Assignment: Here the job is to copy the data exactly and to exclude every image from it.

Available data:
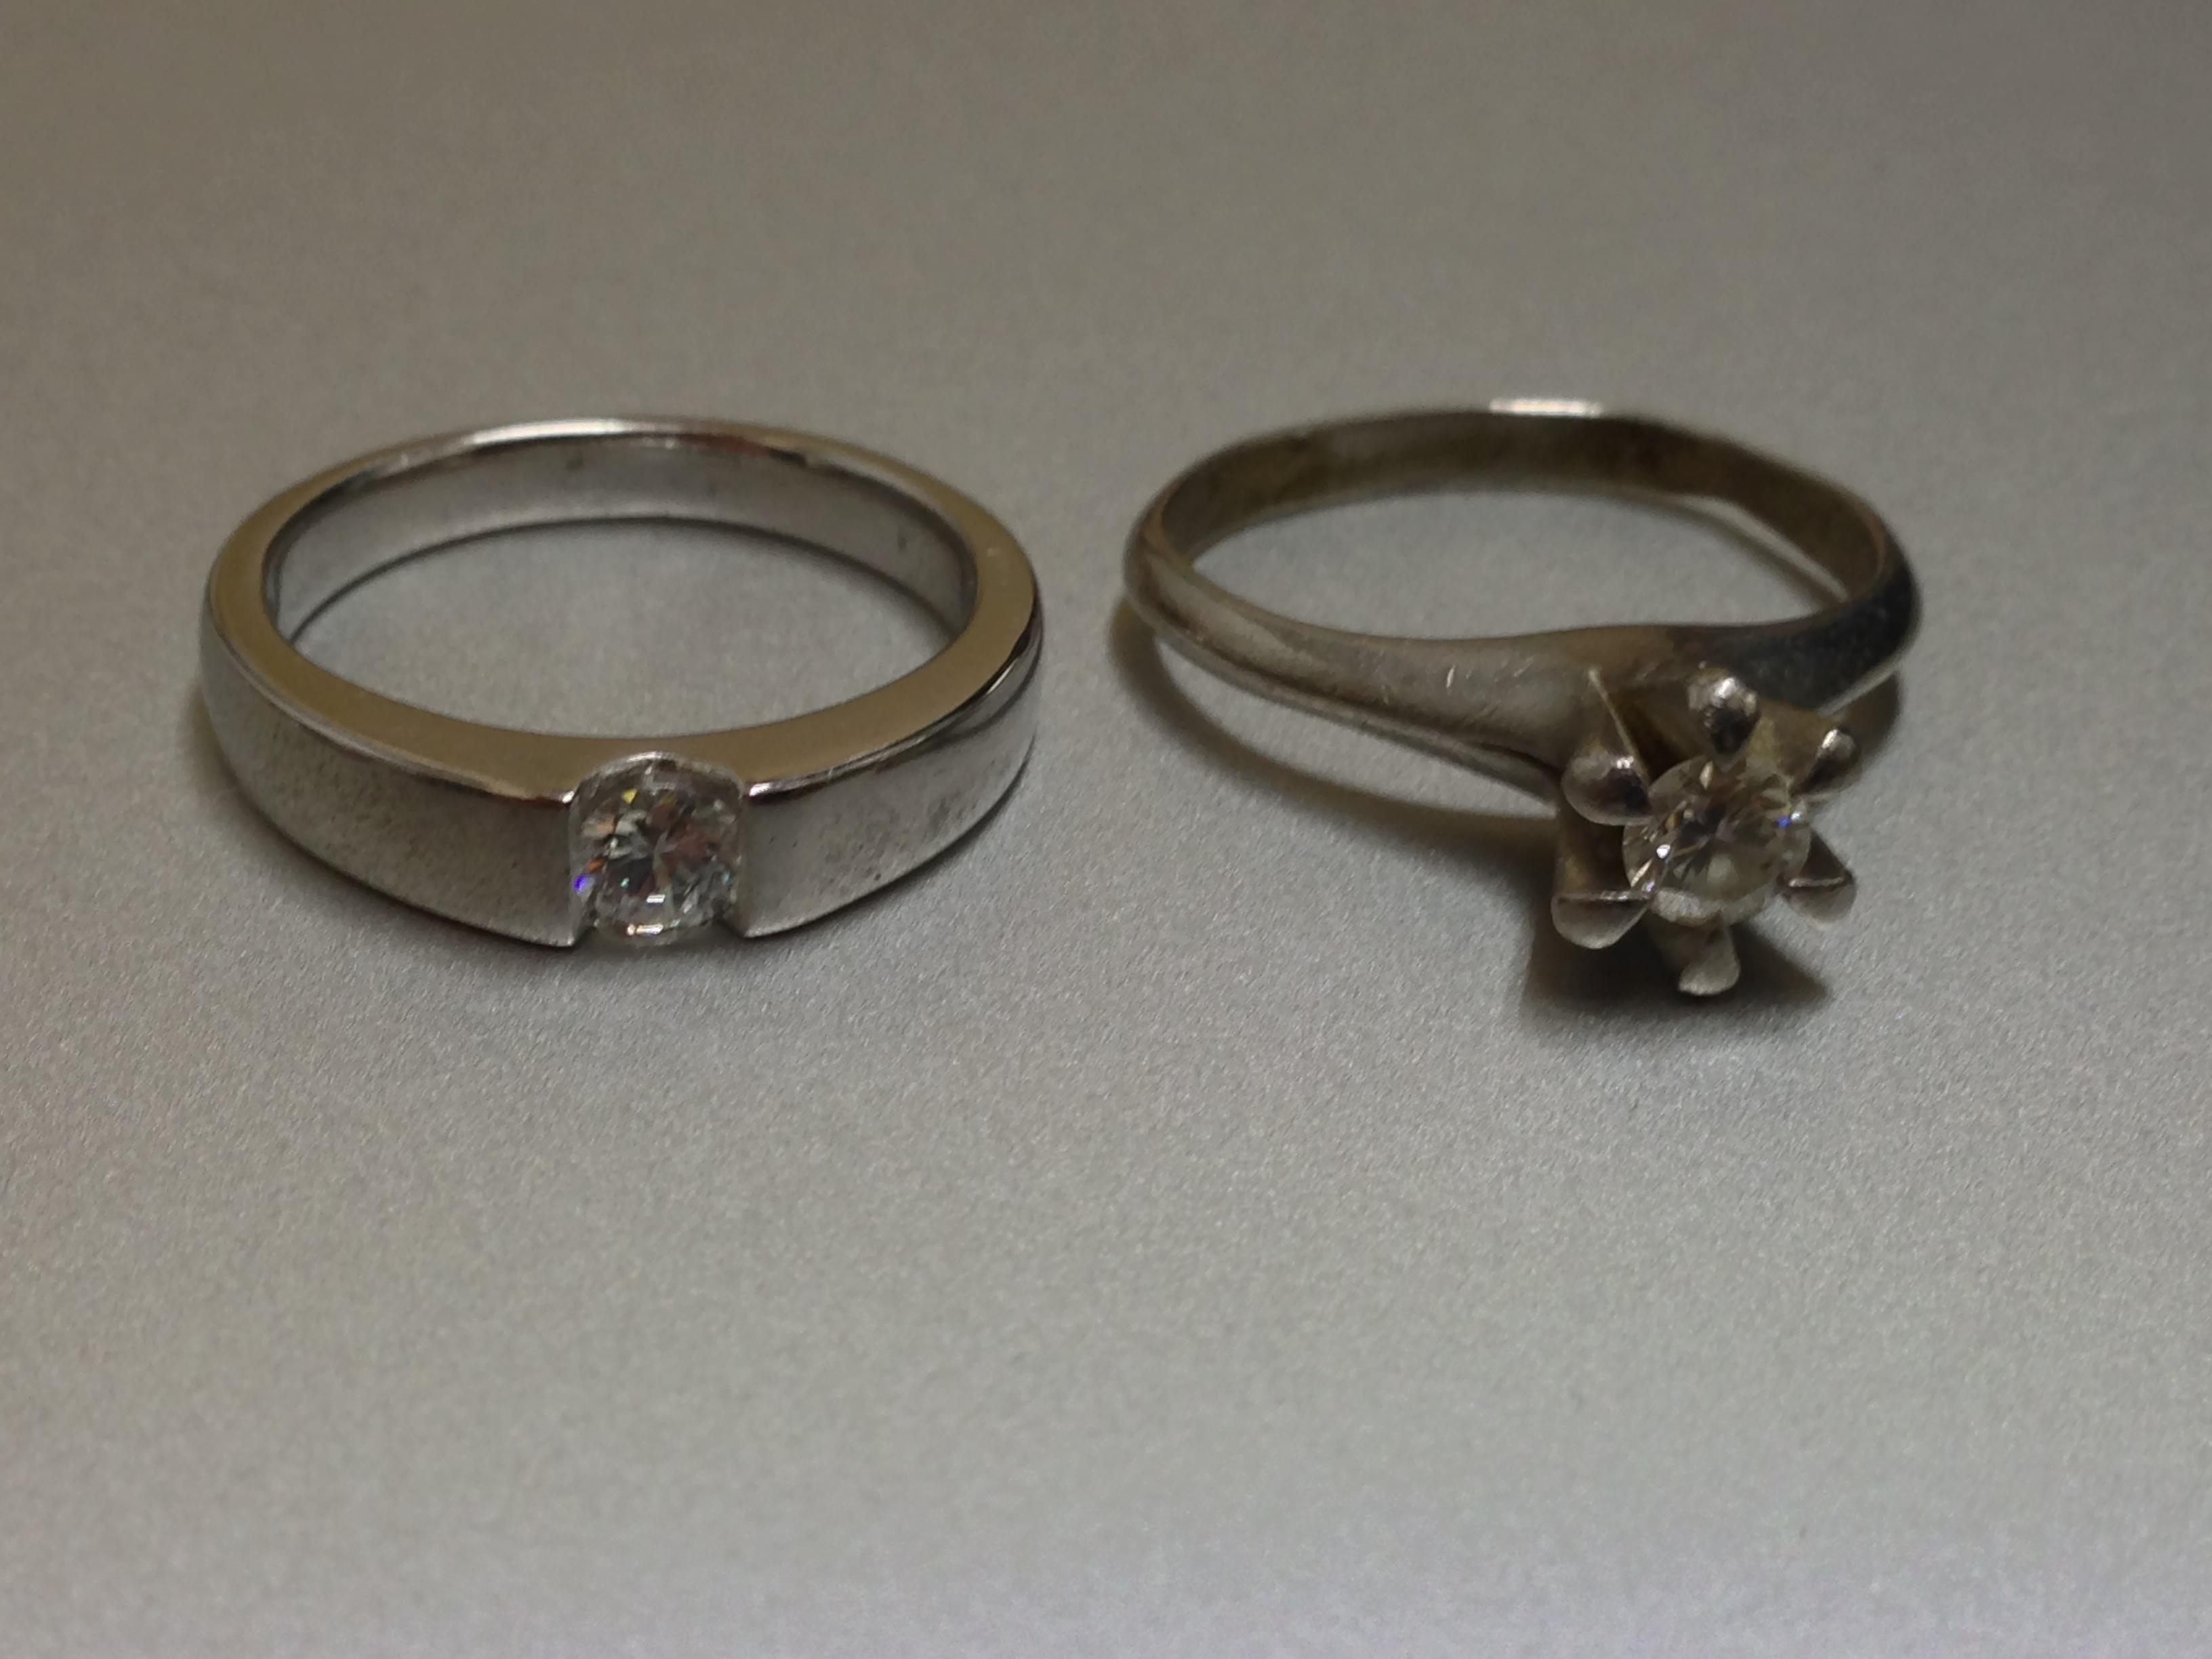 高さを抑えた指輪に生まれ変わります。
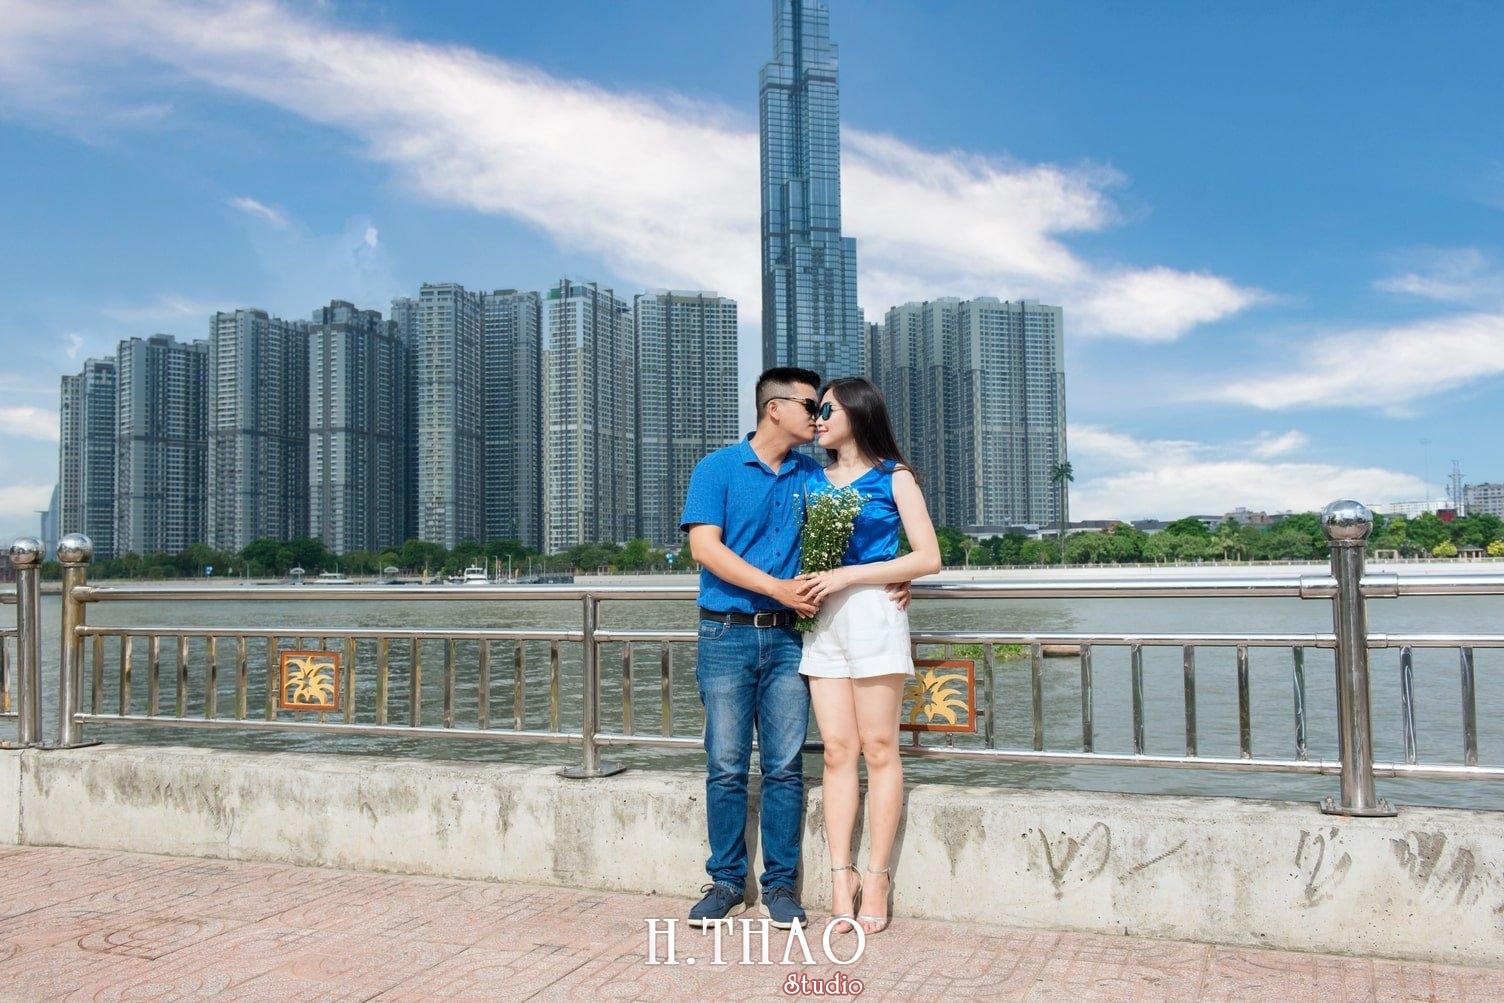 Anh Gia dinh 3 nguoi 7 - Bộ ảnh gia đình 3 người chụp ngoại cảnh đẹp tự nhiên - HThao Studio
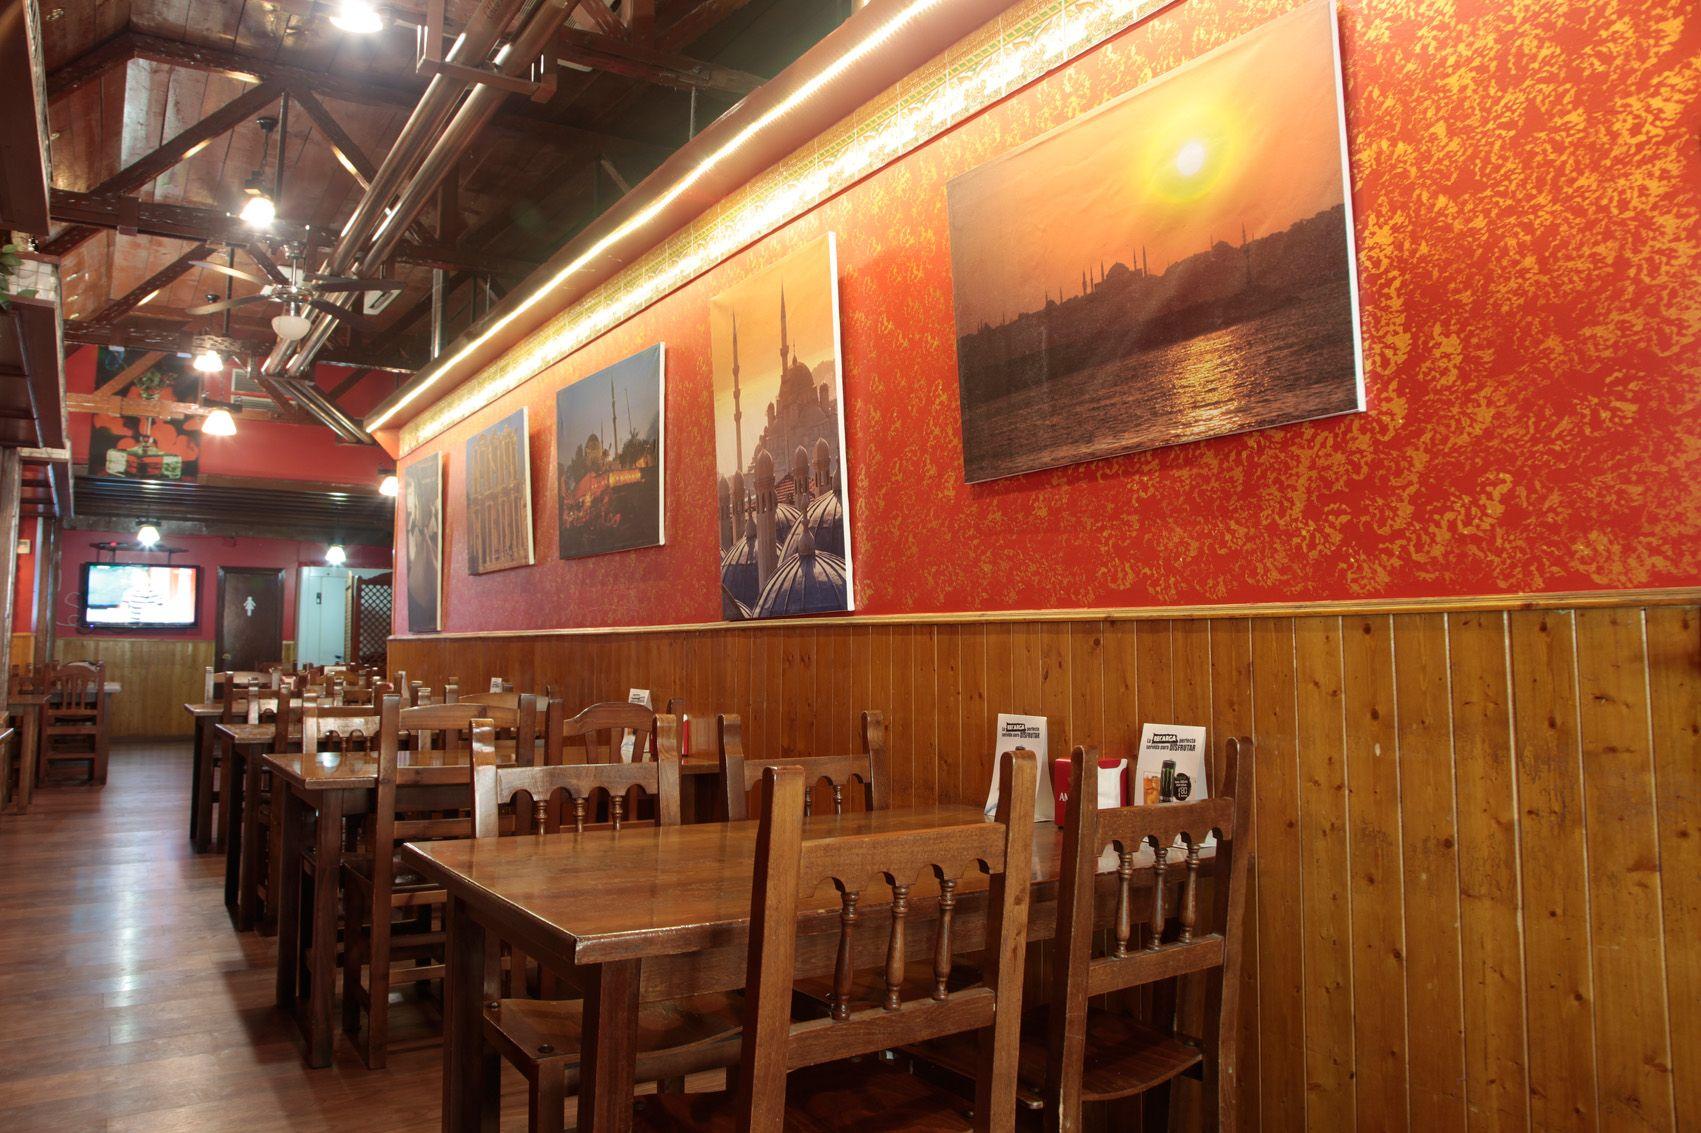 Restaurante de cocina tradicional turca en Zaragoza

Written solution:
 高さを抑えた指輪に生まれ変わります。
 Anh Gia dinh 3 nguoi 7 - Bộ ảnh gia đình 3 người chụp ngoại cảnh đẹp tự nhiên - HThao Studio
 Restaurante de cocina tradicional turca en Zaragoza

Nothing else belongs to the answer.